Sent via an app on my mobile


----------



## 20v=godsmotor (Aug 20, 2008)

DasCC said:


> Probably just different emission specs. Just like ccta and CBFA for the gen 1 TSIs
> 
> 
> Sent via an app on my mobile


I am starting to wonder if it might be a 2nd gen? It does have a top mounted traditional style oil filter.


----------



## DasCC (Feb 24, 2009)

20v=godsmotor said:


> I am starting to wonder if it might be a 2nd gen? It does have a top mounted traditional style oil filter.


On what car?


Sent via an app on my mobile


----------



## 20v=godsmotor (Aug 20, 2008)

DasCC said:


> On what car?
> 
> 
> Sent via an app on my mobile


That's the issue I only have the engine


----------



## DasCC (Feb 24, 2009)

20v=godsmotor said:


> That's the issue I only have the engine


From what I've seen all gen 3 have the cartridge filter on top and oil fill on opposite end of filter on timing cover. That could be the gen 2 valve lift from an Audi. VWs NA not sure about ROW only had gen 1 and are just now switching to Gen 3. 

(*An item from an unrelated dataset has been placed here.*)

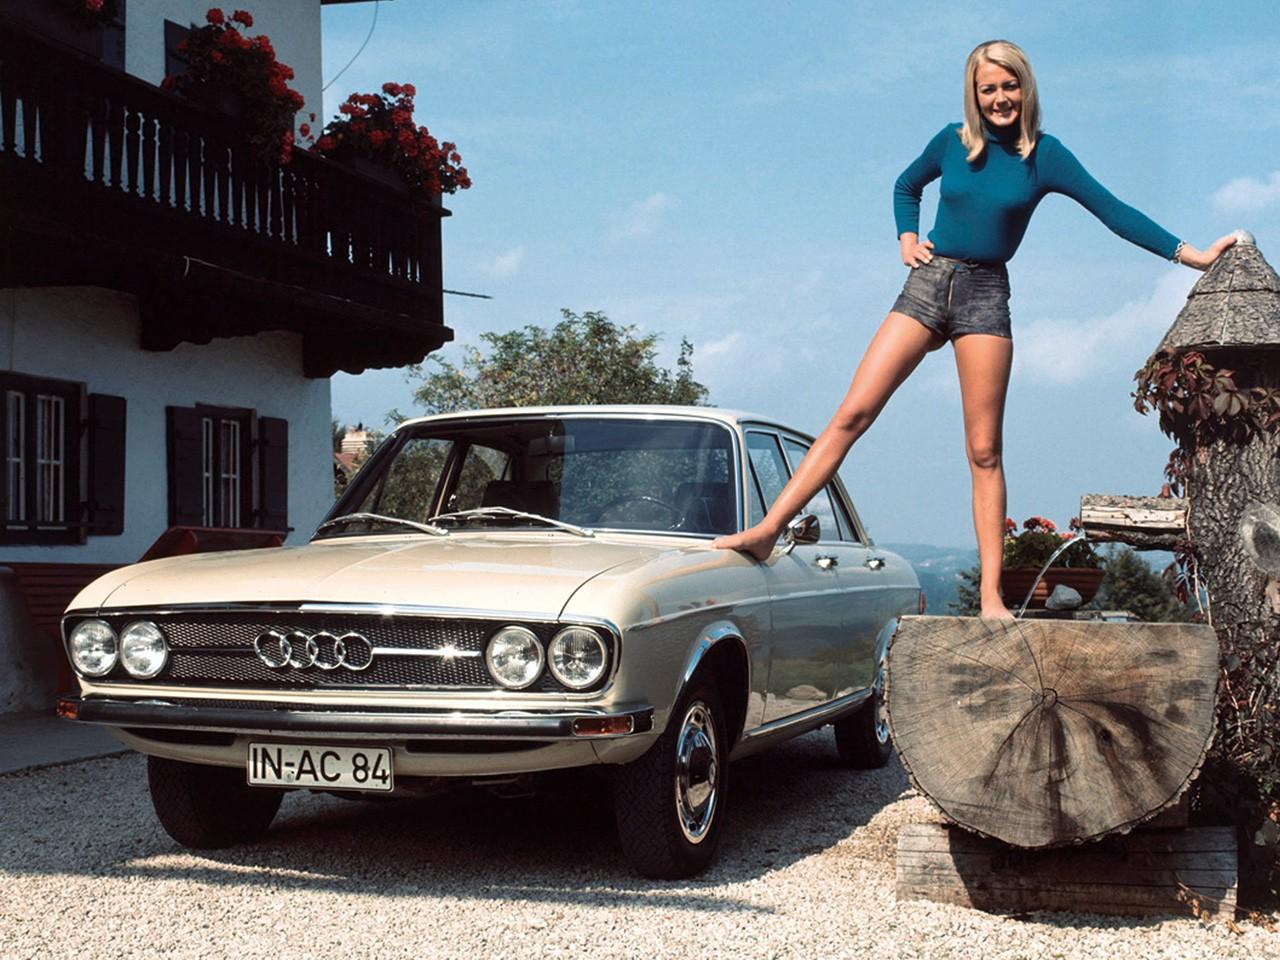 AUDI 100 (C1) specs - 1968, 1969, 1970, 1971, 1972, 1973, 1974, 1975 Audi Gl on the new audi, first audi, blue audi, exotic audi, pink audi, chief keef audi, white audi, all black audi, golden audi, fast audi, cheap audi, matchbox audi,

Sent via an app on my mobile


----------



## 20v=godsmotor (Aug 20, 2008)

DasCC said:


> From what I've seen all gen 3 have the cartridge filter on top and oil fill on opposite end of filter on timing cover. That could be the gen 2 valve lift from an Audi. VWs NA not sure about ROW only had gen 1 and are just now switching to Gen 3.
> 
> 
> Sent via an app on my mobile


Sorry to ask a dumb question, but what is ROW?


----------



## Zillon (Jun 30, 2005)

20v=godsmotor said:


> Sorry to ask a dumb question, but what is ROW?


Rest of world.


----------